Mill Computing, Inc. Forums The Mill Architecture Byte order conversion? Reply To: Byte order conversion?

Ivan Godard
Keymaster
Post count: 689

It’s taken a while for me to wade through the RISC-V document; sorry for the delay in response. The current Mill bit manipulation operations are a historical grab bag that we had planned to review and cull/extend when we had enough of a code base to get useful numbers. Your post prompted me to start that process; it’s relatively low priority so I don’t know when changes will happen.

I’m pretty sure that we should have a funnel shifter unit for the present shift and rotate group, although that implies more gates for the widest operands (compared to a normal shifter), and there are issues applying funnel shift to vector arguments.

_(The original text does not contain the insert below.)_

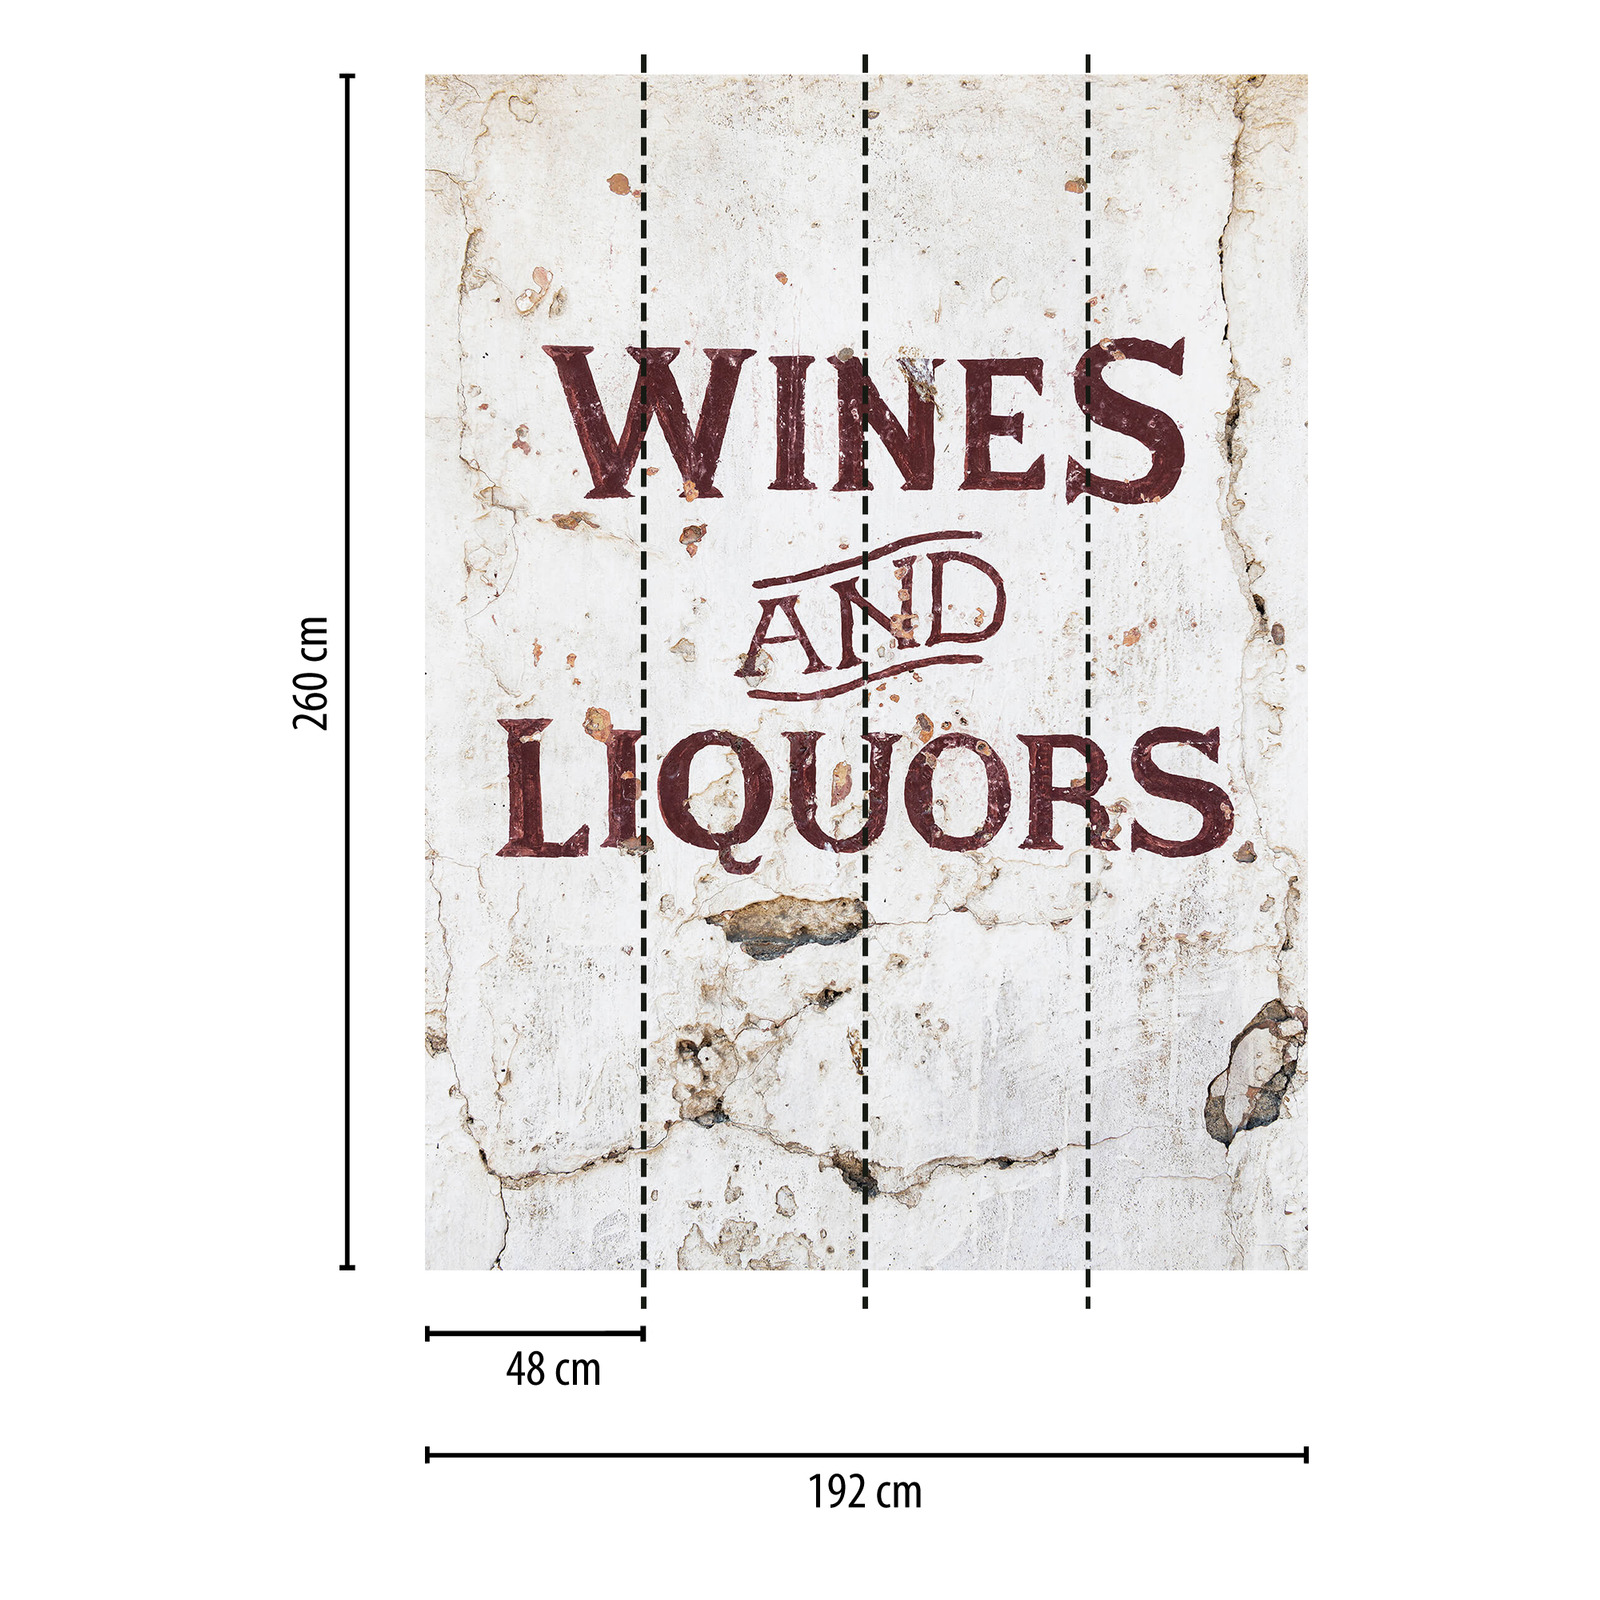             Wijn & Alcohol Behang
        
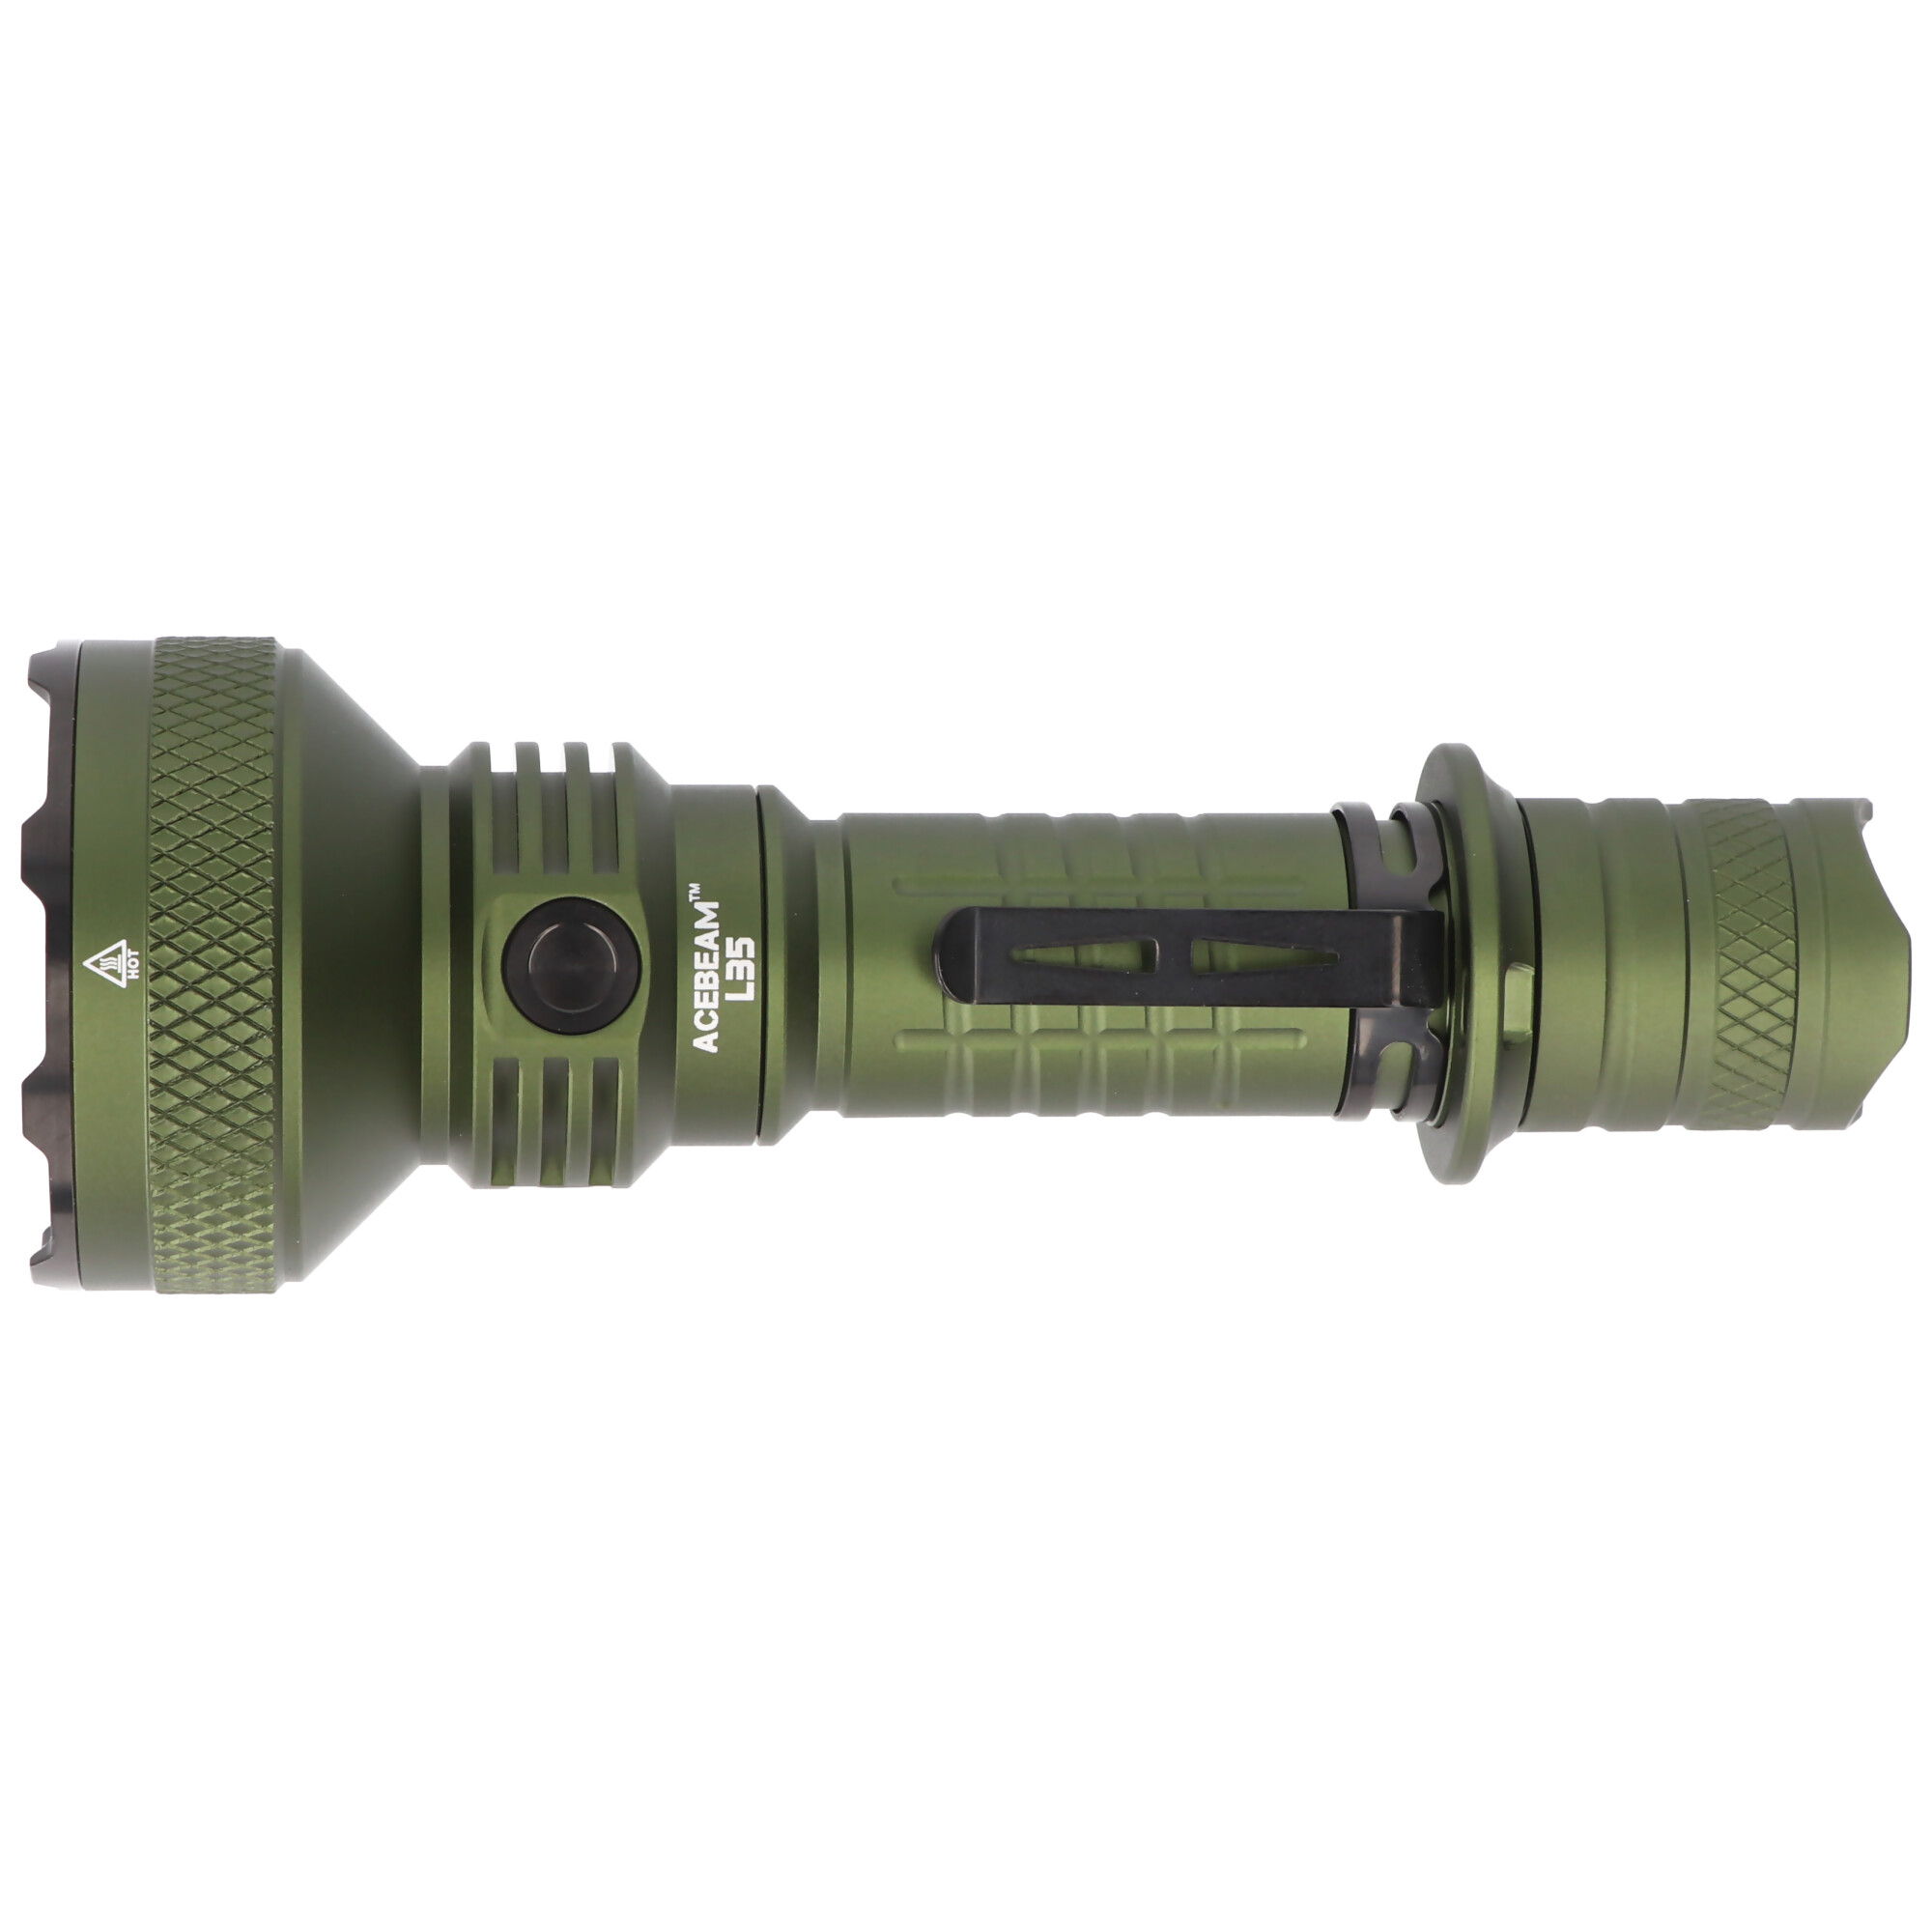 AceBeam L35 LED-Taschenlampe mit max. 5.000 Lumen und bis zu 480 Meter, grün, ohne Akku

There has been a long-standing desire for Galois Field operations, i.e. bit matrix multiply. A 8×8 BMM is straightforward, but things get out of hand at greater width – the control data for a quad x quad BMM is 4k bytes. That much data sounds like an I/O device rather than an operation.

Another desire is bit-stream parsing, chopping dynamic numbers of bits off the front of a byte-stream. For this the bit-chopping is not hard, but dealing with whether a chop has to advance the source or not is hard in a static machine. This one will likely wait until we add general streamer support.

Lastly, even simple bit-field extract/inject is problematic when the field is dynamic. An inject needs four arguments – source1, source2, position and size – and four-argument slots would be very expensive. We could construct such an op with ganging, but then you use two slot positions, while building the inject out of shifts and masks only needs six ops. The PPC version of funnel includes a mask step the would reduce the cost of an idiom even further. It’s not clear that dynamic inject is common enough to be worth the trouble. A static inject only needs two belt arguments, but it then needs logN encoding bits for the position/size info, which may increase the entropy of the slot supporting the op.

We’ll chew on these and other issues; thank you for shaking our tree.